How the British Army use OS NGD API - Features for battlefield training
High fidelity mapping, creates immersive battlefield simulations, which are key to army training.
Soldiers in 47 Regiment are innovative, adaptable, and work in a highly skilled aviation environment. They are trained in roles including as pilots of the Watchkeeper Remotely Piloted Aerial Systems (RPAS), to provide intelligence for commanders across the British Army.
During exercises, operators enter a virtual battlespace in 3D. This immersive training environment is created using data from the OS National Geospatial Database (OS NGD), which contains the most detailed information of Britain’s landscape.
The simulation platform includes the buildings, roads, surface and elevation data via an API providing an automated basemap for the training area
The training team have found the Ordnance Survey maps visually pleasing and engaging compared to other mapping providers, which has helped their teams get absorbed into the tactical environment.
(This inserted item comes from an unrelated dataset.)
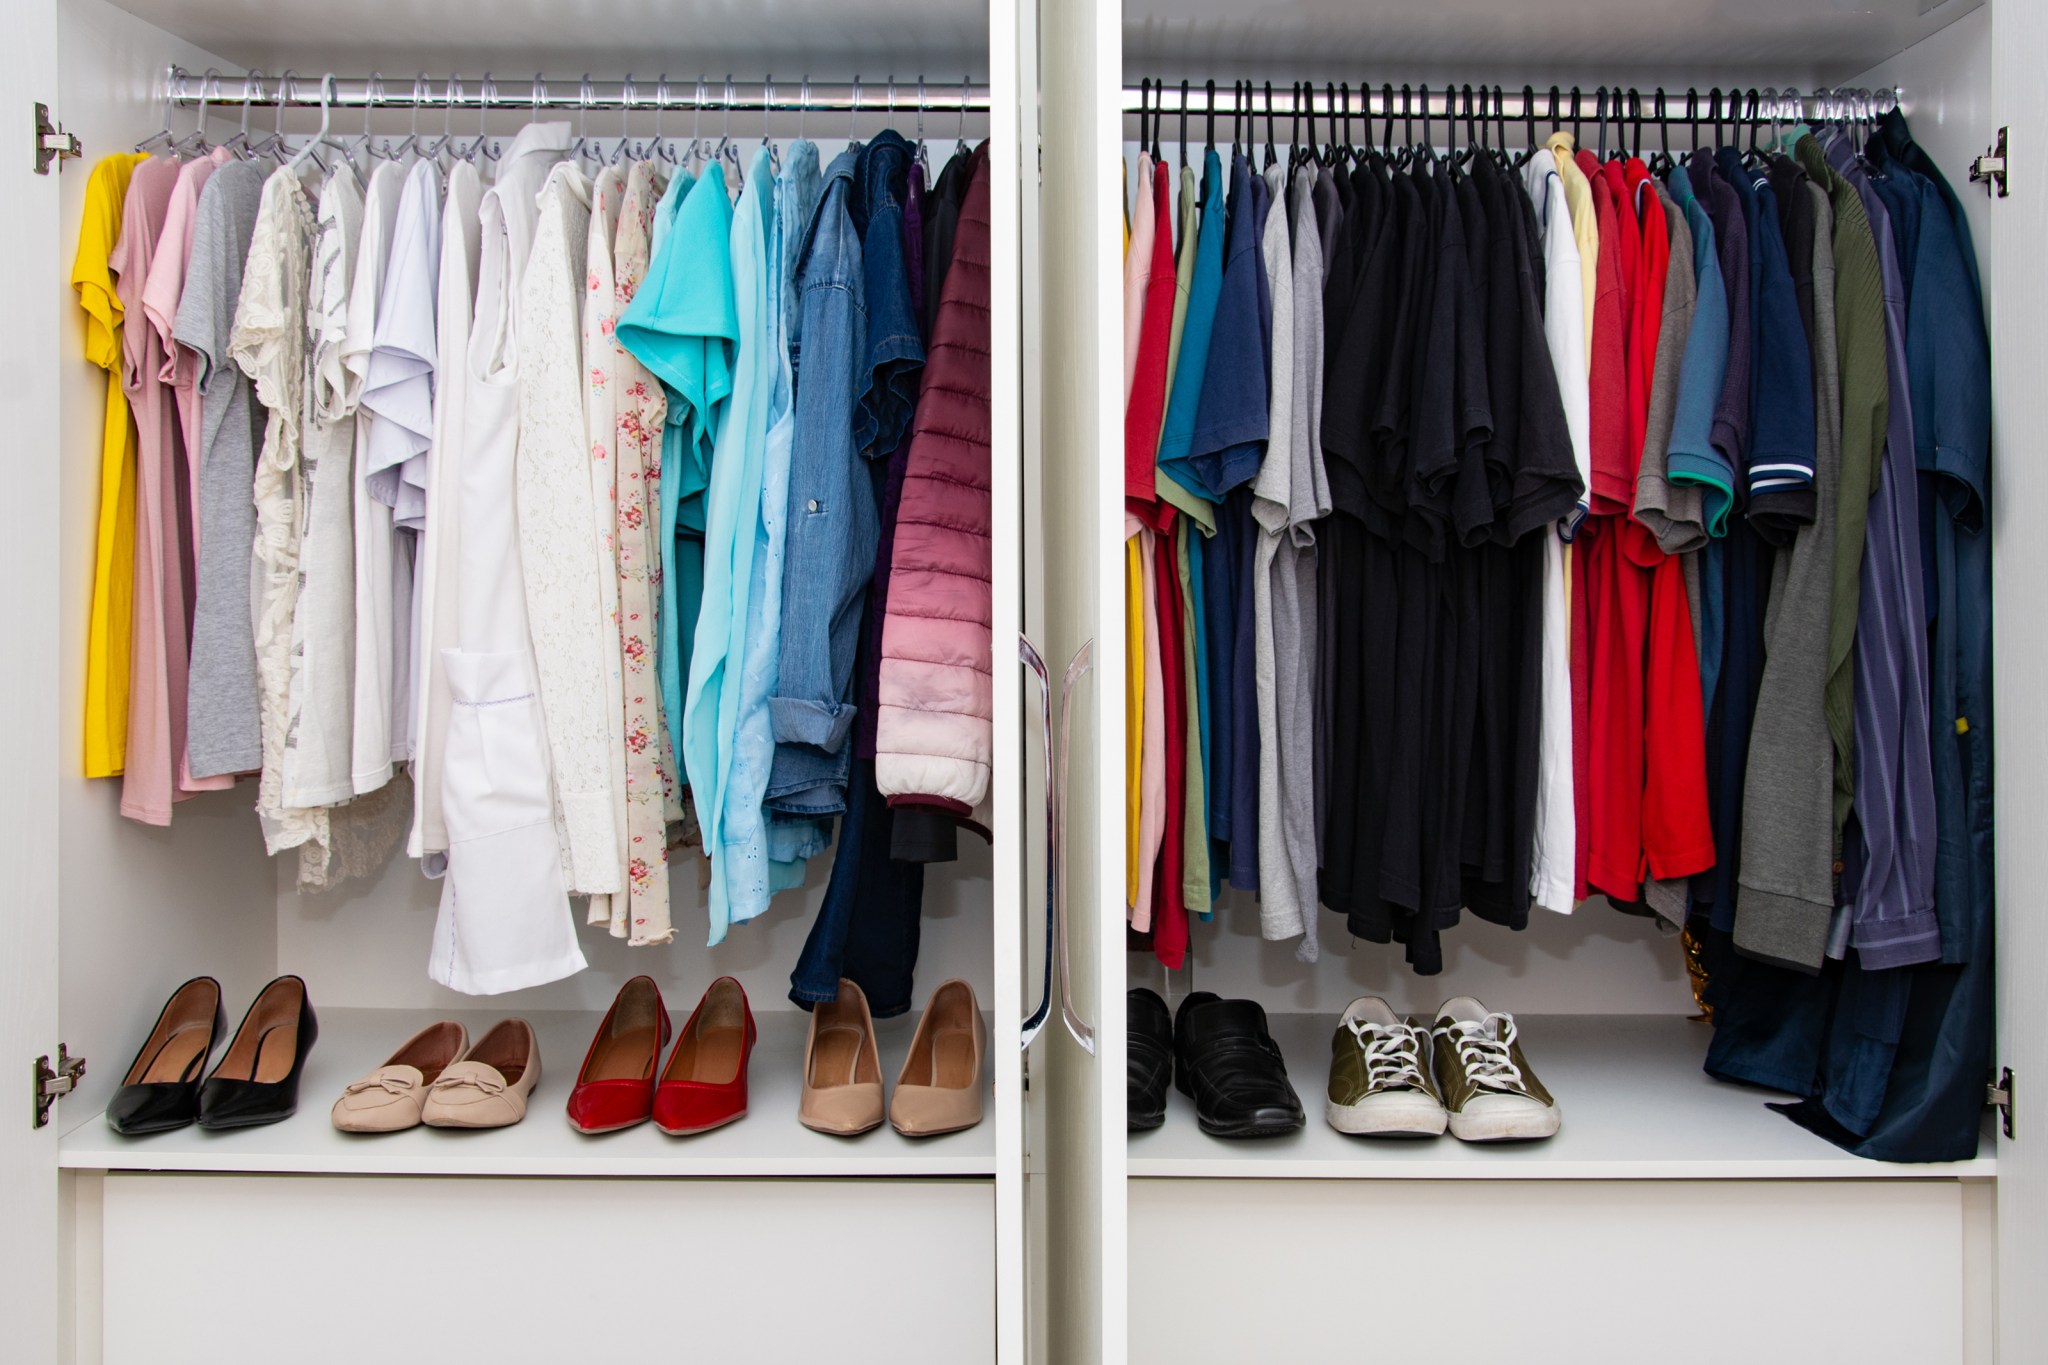 Hangers for clothes: Top choices for keeping clothes organized

Using accurate location data in the simulation helps achieve a lot of army training objectives.
These objectives are enabled by the work at Defence Geographic Centre (DGC), part of the National Centre for Geospatial Intelligence (NCGI). DGC’s mission is to deliver geographical information, to support Defence objectives. The NCGI facilitate the data supply from Ordnance Survey to where it’s needed.
The OS NGD API Features is a core infrastructure for developing location-based applications, including turn-by-turn navigation. It enables anyone to explore their geodata, as well as providing rich mapping and visualisation capabilities.
It is a flexible solution that allows clients to tailor the information in their simulations to meet their needs and can be used with third-party applications and games.
The Ministry of Defence is able to use OS data and expert help under the Public Sector Geospatial Agreement (PSGA) license, which includes expert technical consultancy and support.
Watchkeeper is an uncrewed aircraft system with a range of intelligence and reconnaissance cameras and sensors, including a state-of-the-art surveillance radar. It lets the Army see things up to 200km away and helps keep troops safe.